- DATASET CONTENT
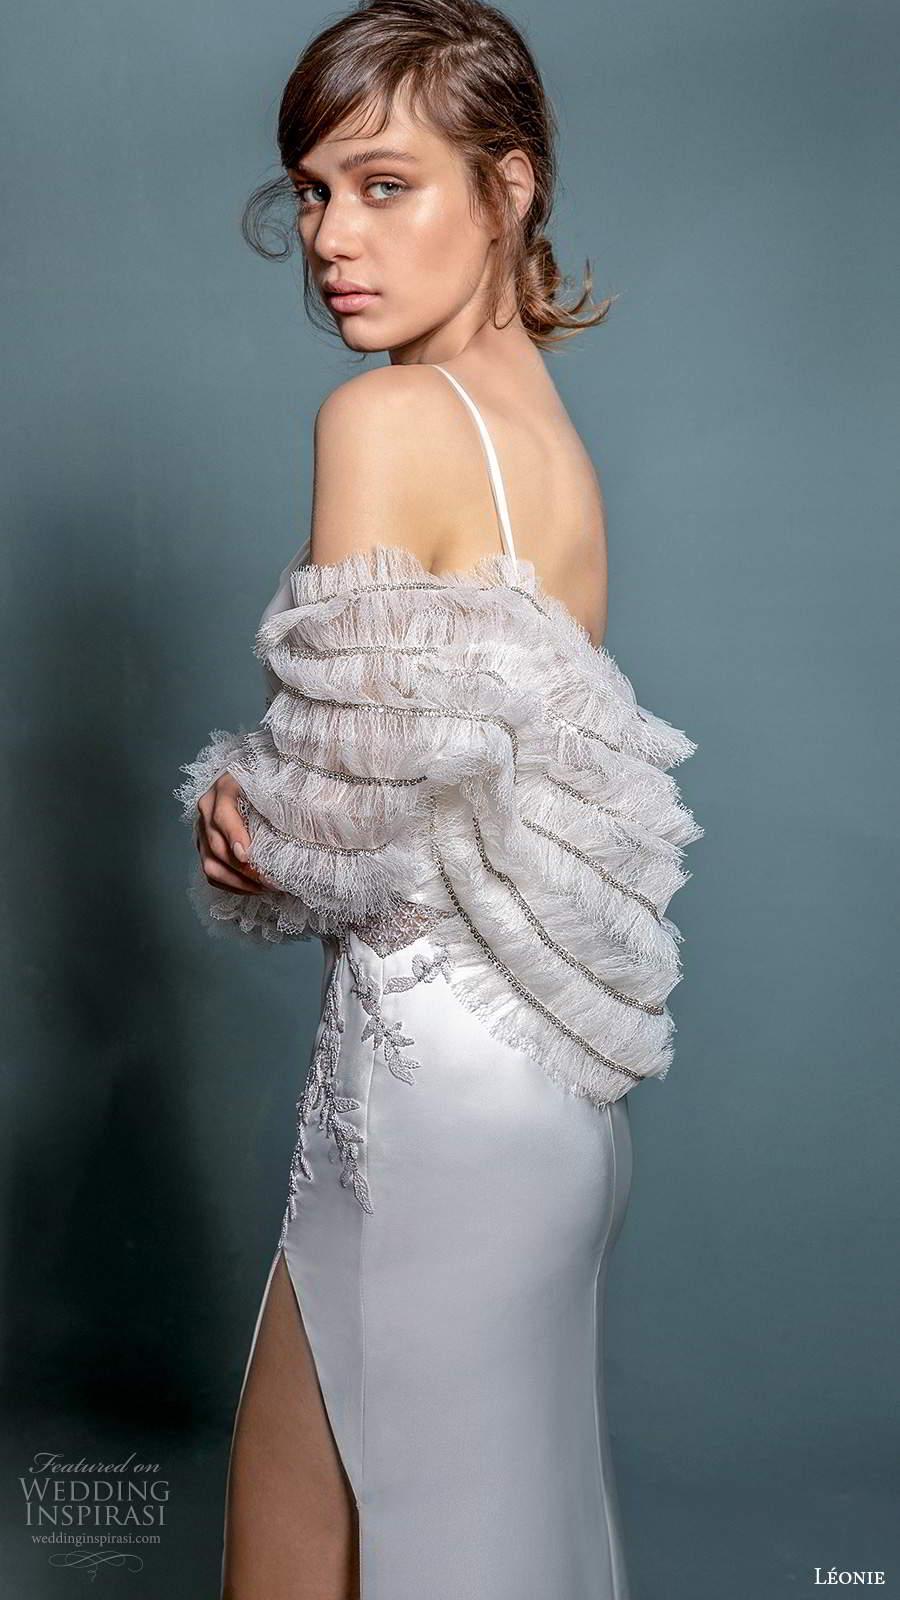 leonie bridal 2020 bridal sleeveless thin straps surplice v neckline embellished bodice sheath wedding dress slit skirt (9) zsv
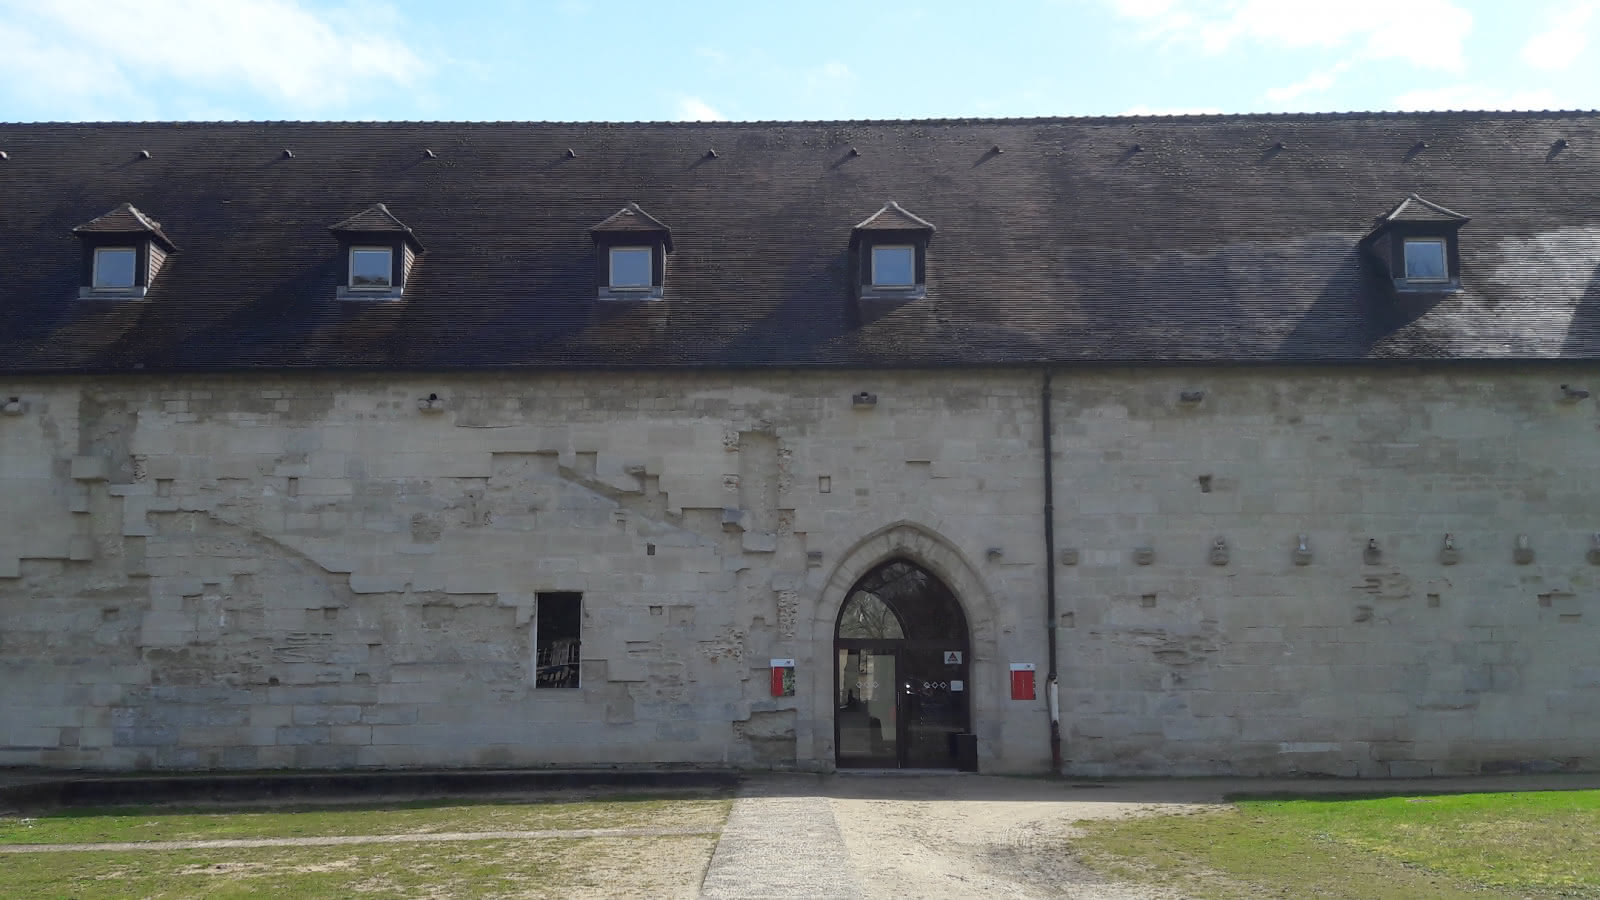 Photo de l'entrée de l'abbaye de Maubuisson à Saint-Ouen-l'Aumône dans le Val d'Oise
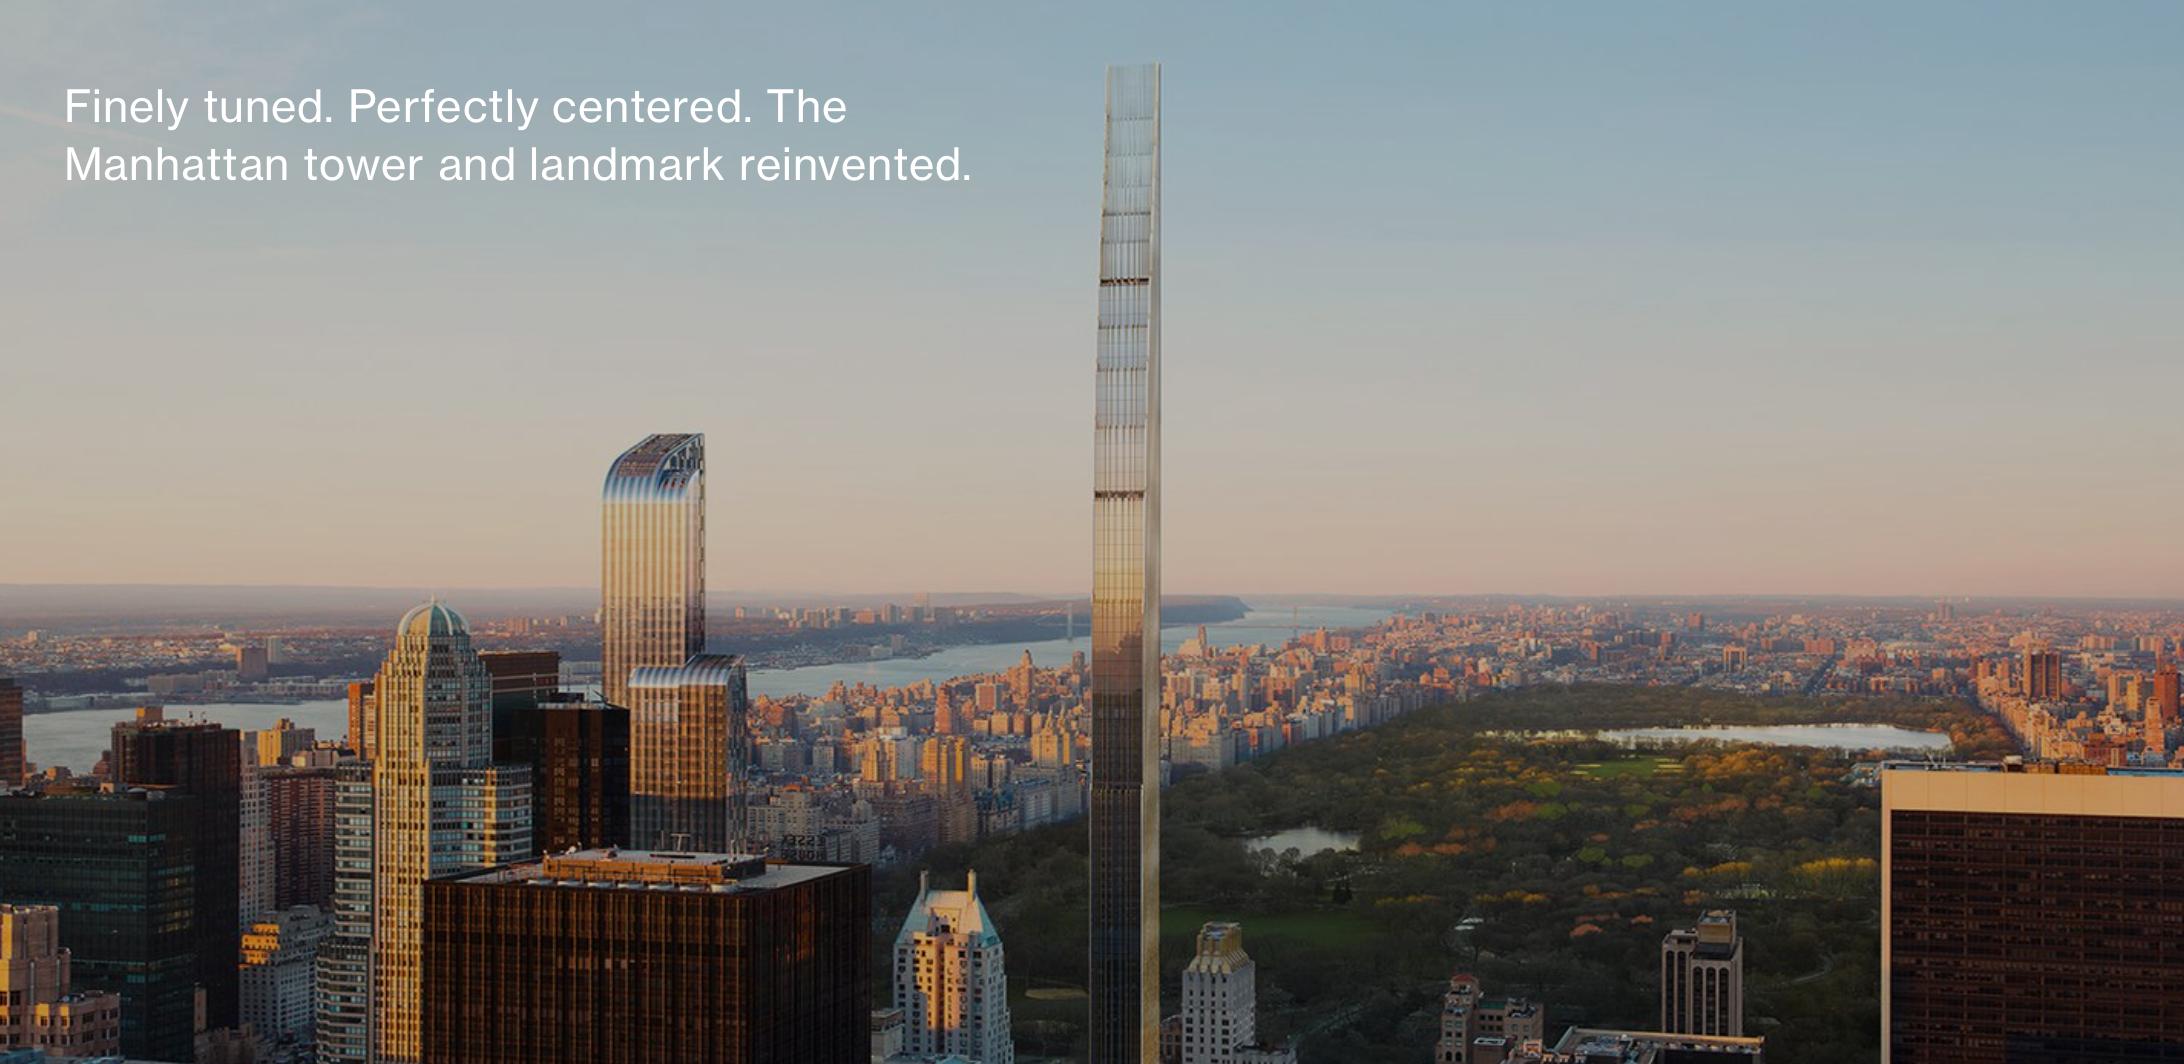 museo-nft-el-recinto-tecnológico-más-grande-del-mundo-estará-en-NY-2-alt

- TASK REQUIREMENTS
For this exercise, retype exactly, and only, the lines from the line with "Photo de l'entrée" through the last line of the material above, both included. Pictures stay out.

- EXERCISE ANSWER
 Photo de l'entrée de l'abbaye de Maubuisson à Saint-Ouen-l'Aumône dans le Val d'Oise
 museo-nft-el-recinto-tecnológico-más-grande-del-mundo-estará-en-NY-2-alt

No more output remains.